Remortgage – How To Get The Best Remortgage Deals
An increase in the base rate of interest is highly likely in the next twelve months.
The governments Help-to-Buy scheme, as well as other factors, have caused house prices to reach levels that are causing alarm at the Bank of England and a rise in interest rates may be the only measure that can slow them down.
It is worth considering a remortgage in the coming year before rates rise to avoid a sudden increase in your mortgage payments, so this is a quick guide to help home owners think about how they can get the best possible deal.
One incentive for getting a new deal is securing a low fixed rate for the next five years. The lowest APR twelve months ago was an incredible low of 2.5 per cent.
Deals like that may not come round again anytime soon as interest rates eventually start to rise, but there are still some very good fixed rate remortgage deals around at the moment.
Loan to Value
Amongst other factors, the rate that you will be offered on your remortgage will be based on the degree of risk your home loan presents to the lender. Lenders determine the level of risk based on the size of the loan compared to the value of the property.
This means the higher the loan to value (LTV), the higher the risk and therefore the rate of interest will rise accordingly.
Anything you can do to bring the LTV down will help as it will make you more attractive to lenders.
Post Mortgage Market Review (MMR) Lending
If you haven’t been to see a mortgage advisor for a while, you may notice dramatic changes in the rules surrounding borrowing, which have become much stricter since April 2014.
Irresponsible lending before the 2008 crash, together with the government’s new schemes to help first time buyers, has led to regulators imposing tougher new rules when it comes to borrowing.
Your mortgage advisor will more than likely want to see your bank records, your entire financial history and credit reports, as well as confirmation of employment and evidence of any savings you may have.
You should try to pay off any outstanding debt, even if it’s just a small amount, as any black marks on your credit file could potentially cause trouble when it comes to getting a mortgage.
There are generally three types of remortgage deal commonly available in Britain. These are fixed rate, variable rate and tracker remortgages.

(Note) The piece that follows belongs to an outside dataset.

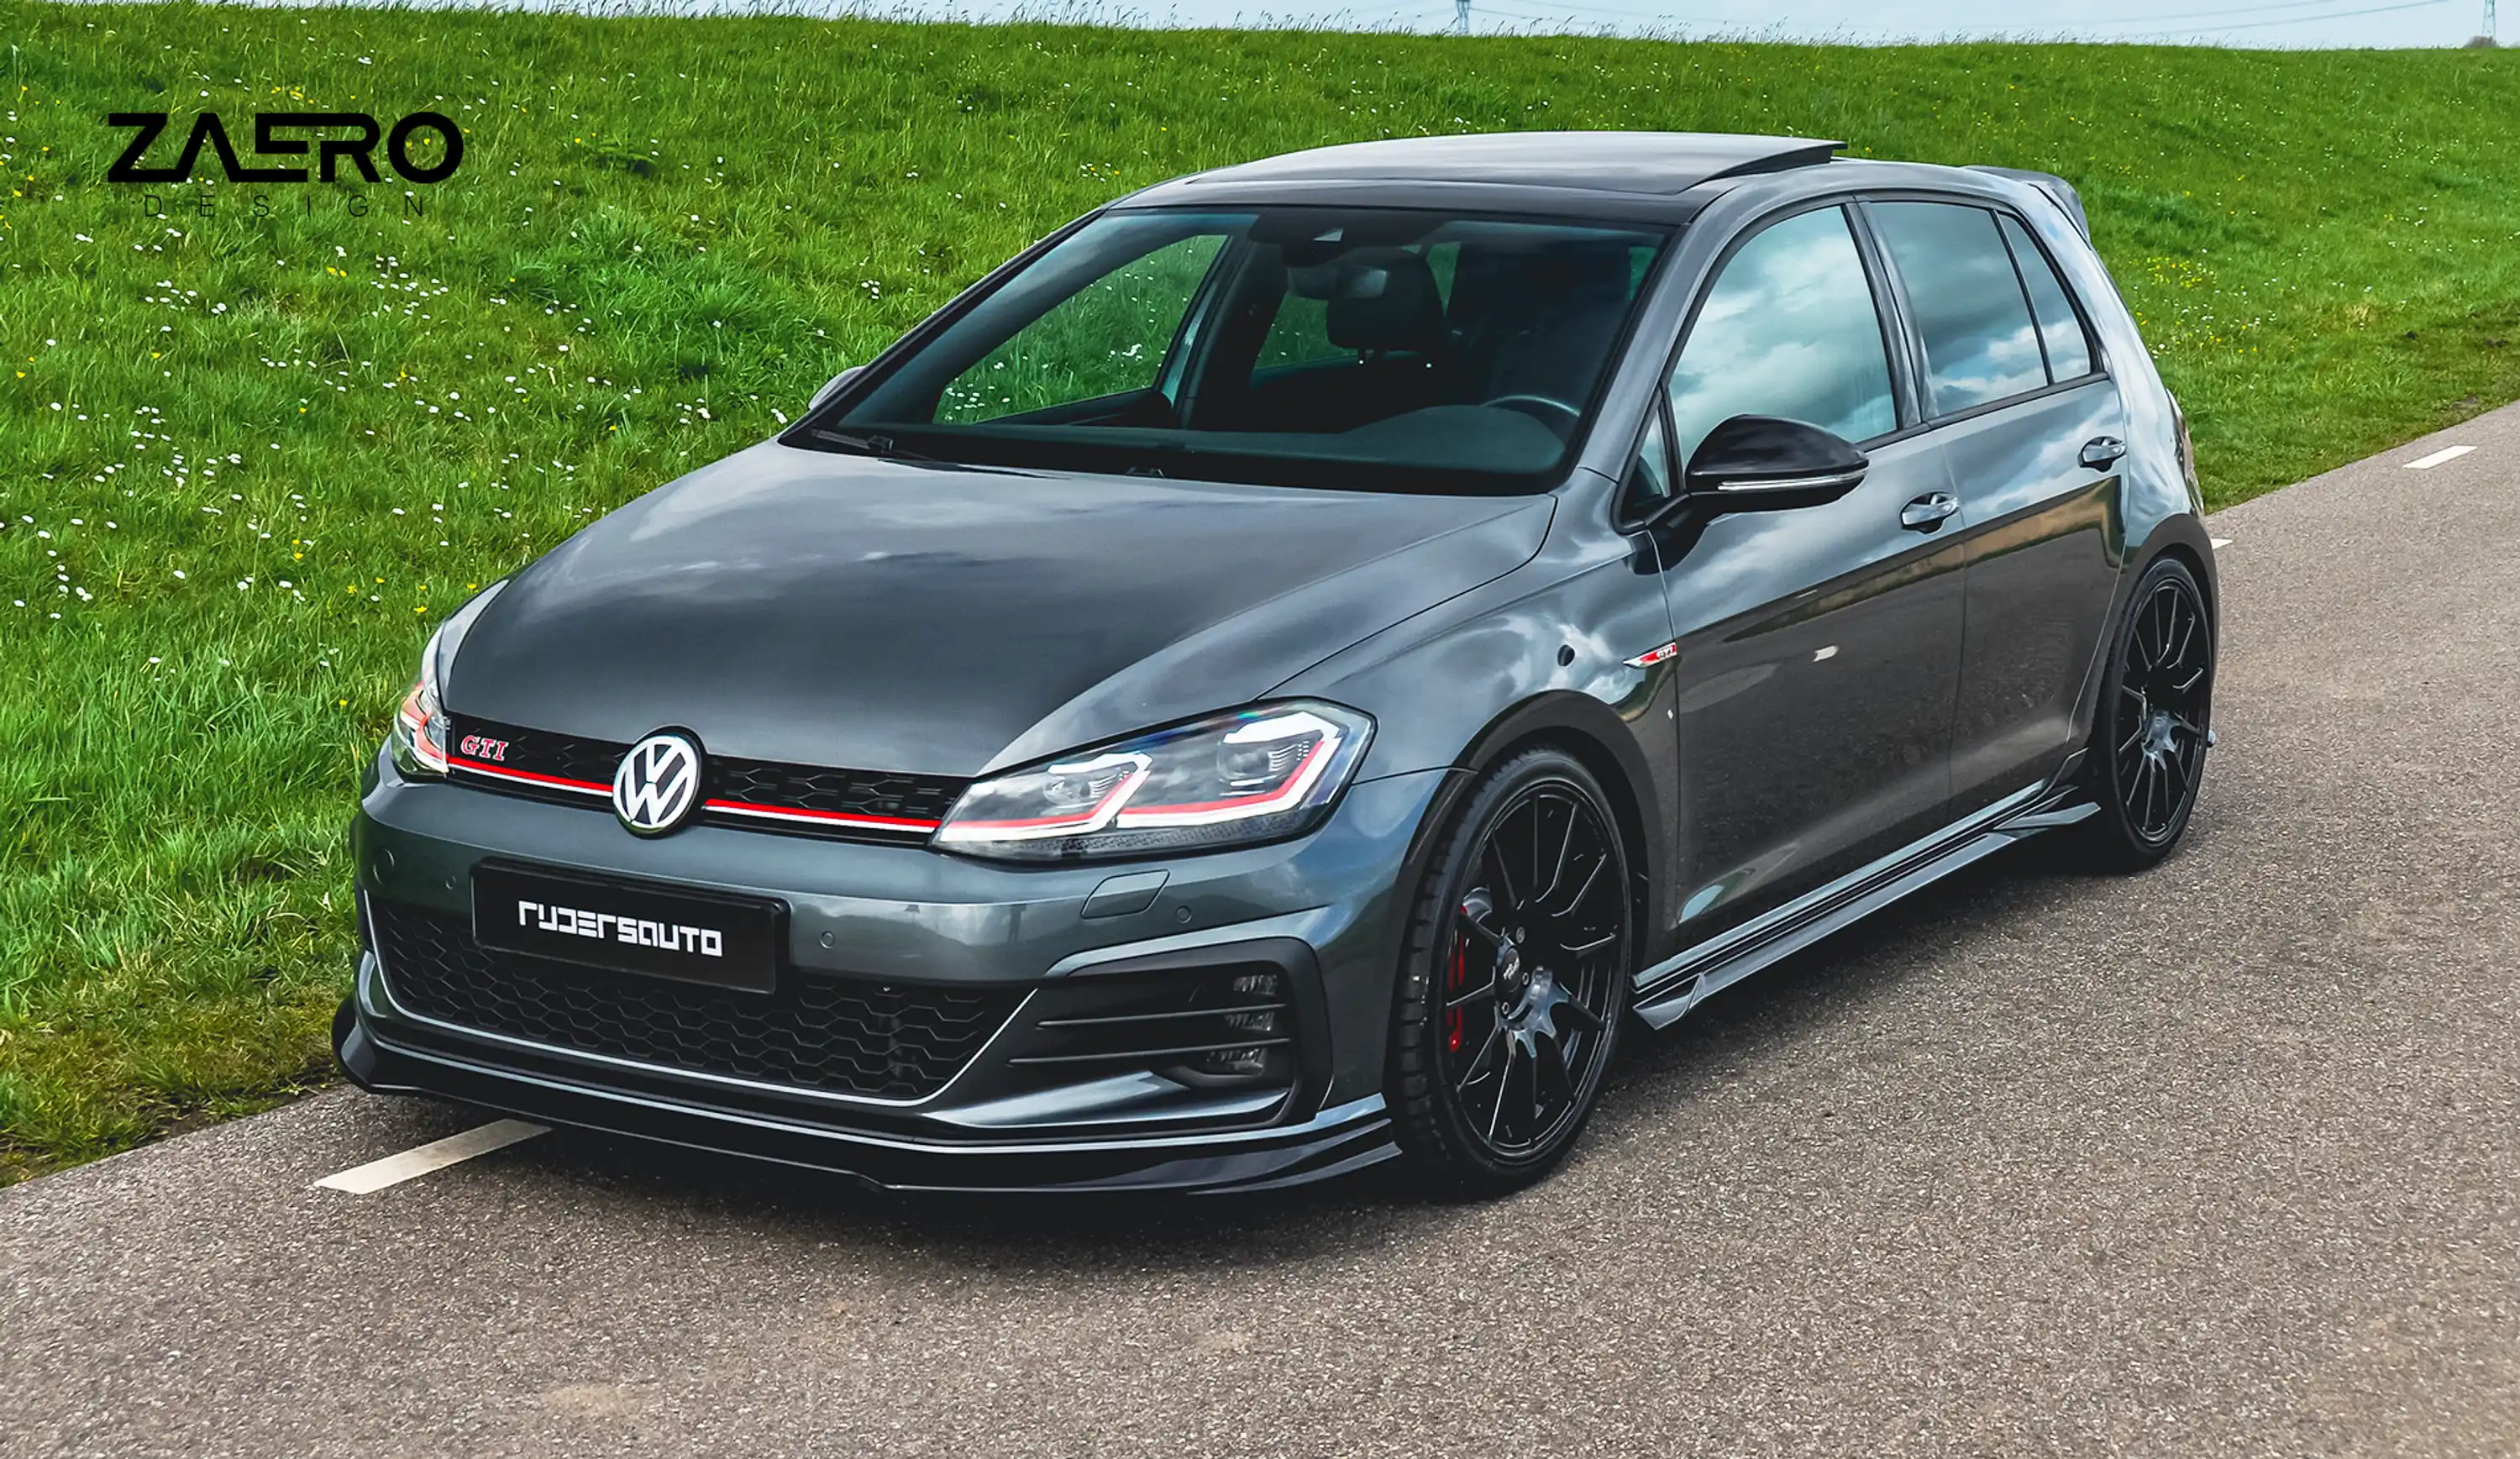 Boca Carbon Race Spec Frontlippe für VW Golf 7 GTI - online kaufen bei CFD

A fixed rate mortgage is a popular choice with borrowers as it offers a degree of security. It means that the interest rate is fixed for a specified period so should the base rate of interest rise in the future, your payments will stay the same until the end of the fixed term. It is a way of future-proofing your mortgage against sudden and unexpected rises in your monthly payments.
Although a fixed rate remortgage offer peace of mind, variable rates have become more popular recently as the base rate has remained low. Whereas fixed rates are ‘fixed’ at higher levels to enable the lender to get as much out of the deal as the borrower (arguably more), a variable rate simply responds to the Bank of England’s base rate of interest. The problem with this type of loan is the uncertainty. When the base rate is low your mortgage is cheap, but when it rises it becomes more expensive. Rates have been low for six years but this is likely to end soon, therefore, many variable rate borrowers are now looking to remortgage onto a fixed rate.
A tracker mortgage is similar to a variable rate mortgage in that it follows the base rate set by the Bank of England, but plus an agreed set margin (perhaps one per cent).
If you already have a mortgage and are thinking about protecting your wealth against future changes in the economy it is important to see this as part of your long term financial plan. If you are unsure about what steps you need to take with your remortgage it is wise to talk to a mortgage advisor to discuss the best option to suit your current and future situation.